The weaknesses and disparities of the archive are not solely a Canadian issue. Having been raised in northern California, I have witnessed firsthand similar archival disparities present in American museums. Western hegemony over the objects in the museum archive has preserved a distorted account of Native histories. Just as Canadian museums are working to dismantle colonial history, American institutions have worked to uncover modes for proper representations of Native art histories.
Rosie Clayburn Katri, a Tribal Historic Preservation Officer in California, works directly with federal institutions and groups to further rectify the systematically silenced past of Native peoples. She highlighted the importance of respectful methods for exhibiting Native art in museum spaces.
“It’s consent. [....] You have to have the full consent of the community and to be working with actual First Nations governments,” Clayburn Katri said.
Providing platforms and creating agential positions for Indigenous and Native people to interact and reassert their presence in the foundationally colonial space is absolutely necessary. Indigenous histories must be told, this time, in the original voice of the land. Allowing access to these archives for interaction is fundamental to healing the reverberations of colonialism.
It is the role of the museum to dehistoricize the language of Indigeneity, to provide space for exhibiting contemporaneous Indigenous art practices alongside historical pieces.
“Reclaiming our identity and asserting ourselves in the museum is also getting hands-on access to these items, and being able to look at them and relearn our way of life,” Clayburn Katri said.

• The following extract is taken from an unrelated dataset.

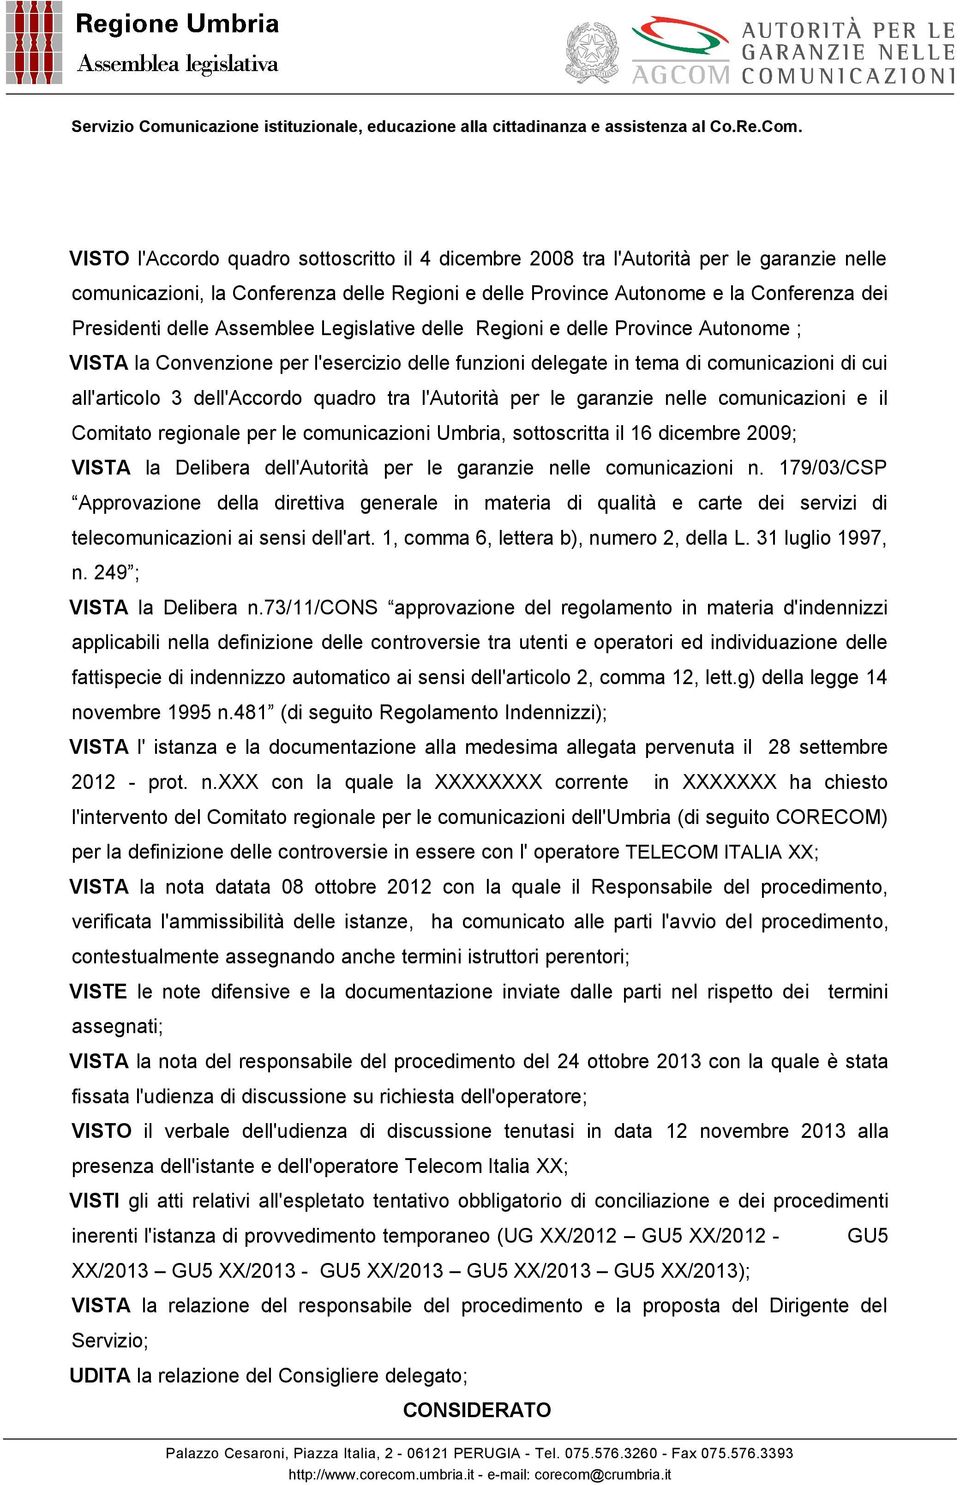 l'autorità per le garanzie nelle comunicazioni e il Comitato regionale per le comunicazioni Umbria, sottoscritta il 16 dicembre 2009; VISTA la Delibera dell'autorità per le garanzie nelle
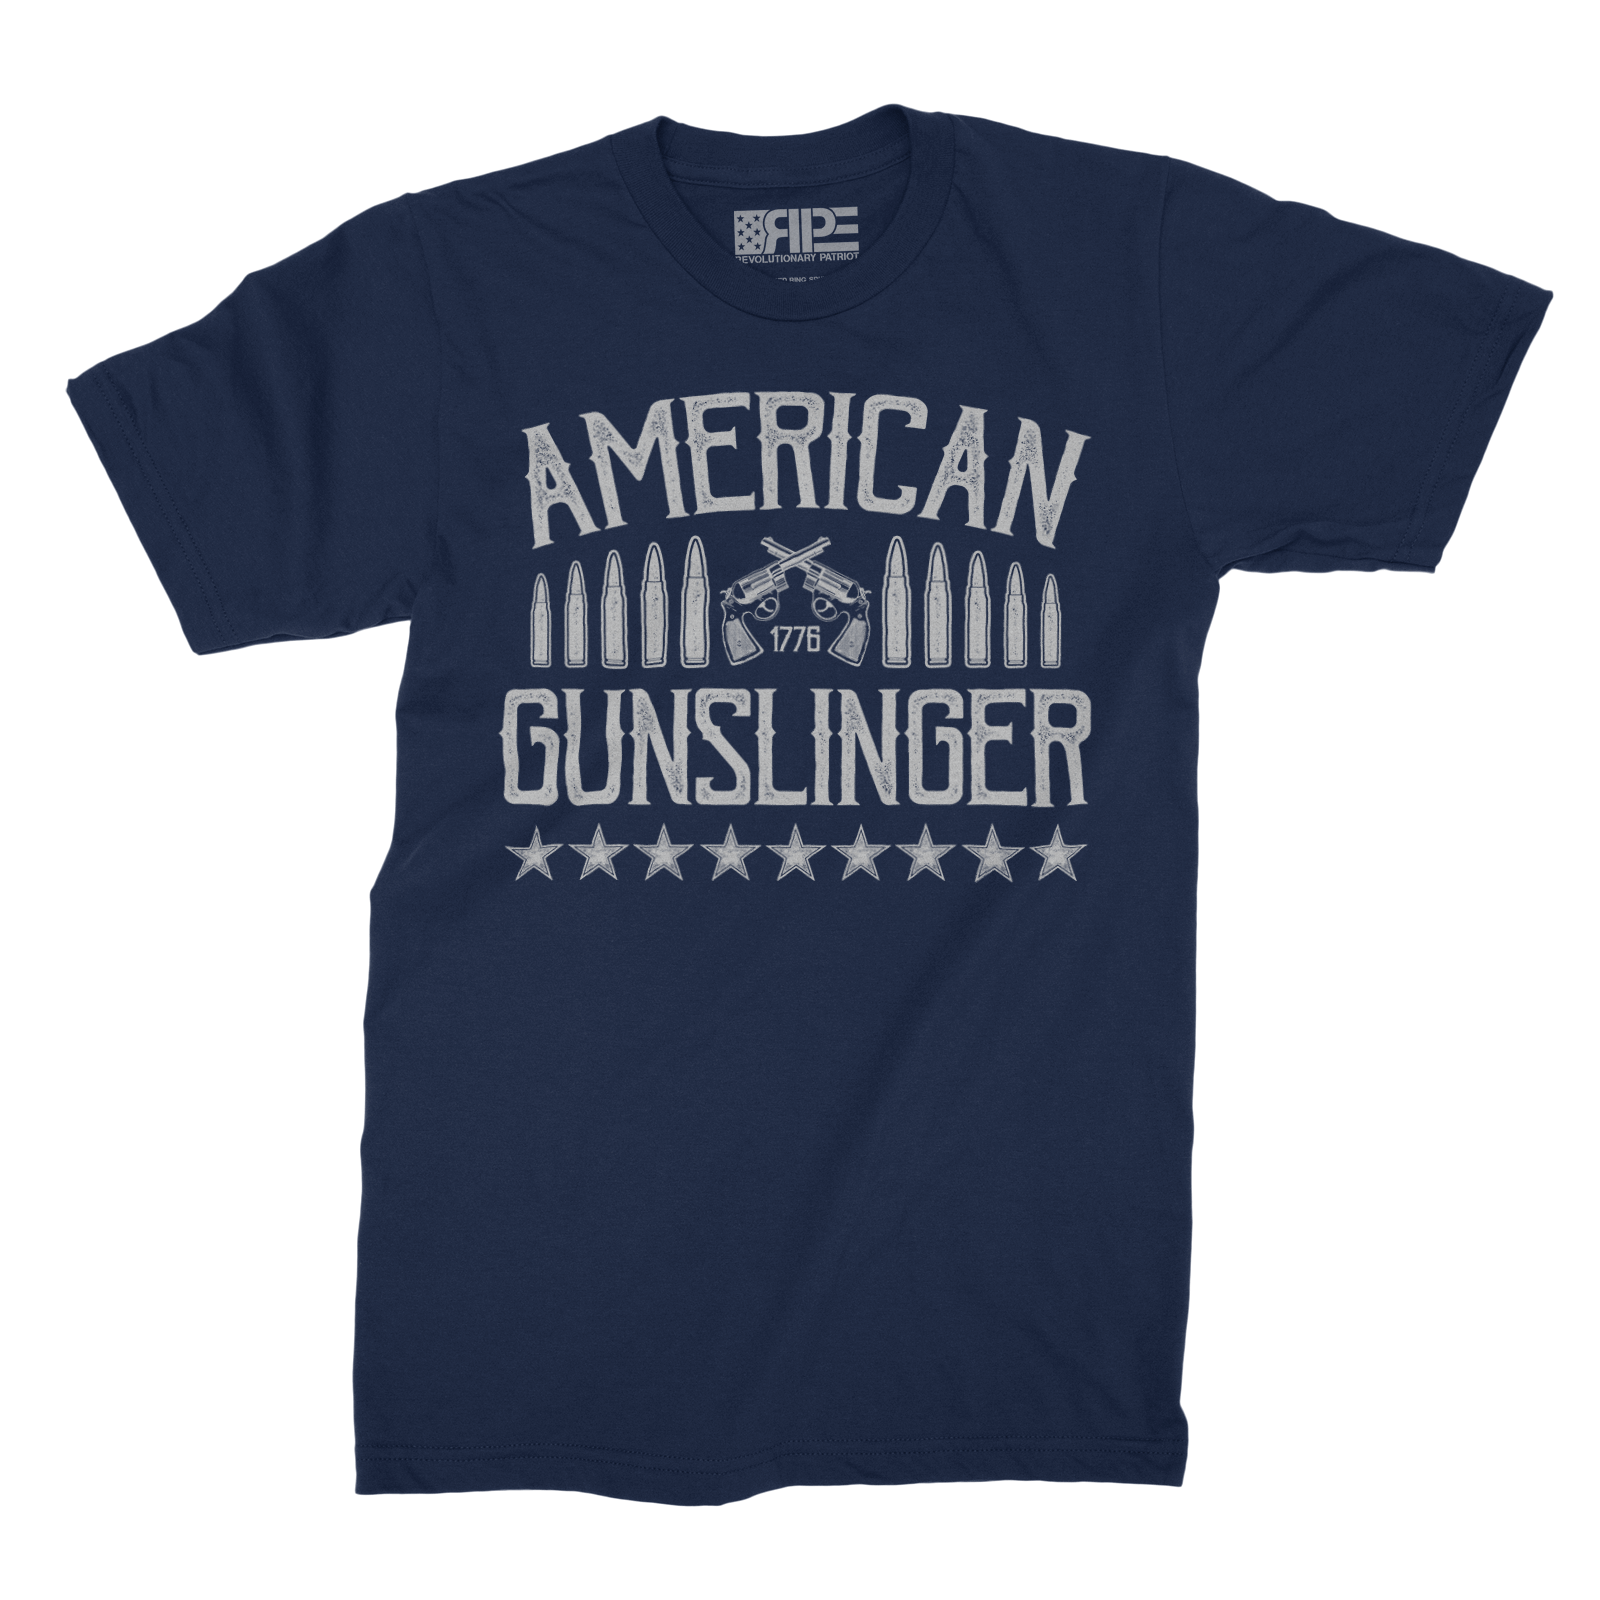 American Gunslinger (Navy) - Revolutionary Patriot

As a public, it is our duty to critique a history preserved by those in power. We have to change the way we look at art and the methods for display. We cannot take down settler-colonial art pieces; we should instead reframe and recontextualize them.
In every museum we walk through, we must apply a critical lens to the practices of displaying artworks. We can still look at the work of the Group of Seven as an important contribution to modernist painting styles. However, we cannot ignore its colonial undertones and textual language of erasure. History belongs to everyone, but it has long been told by those in power. It is everyone’s job to identify and dismantle the systems that perpetuate distortions of Indigenous existence.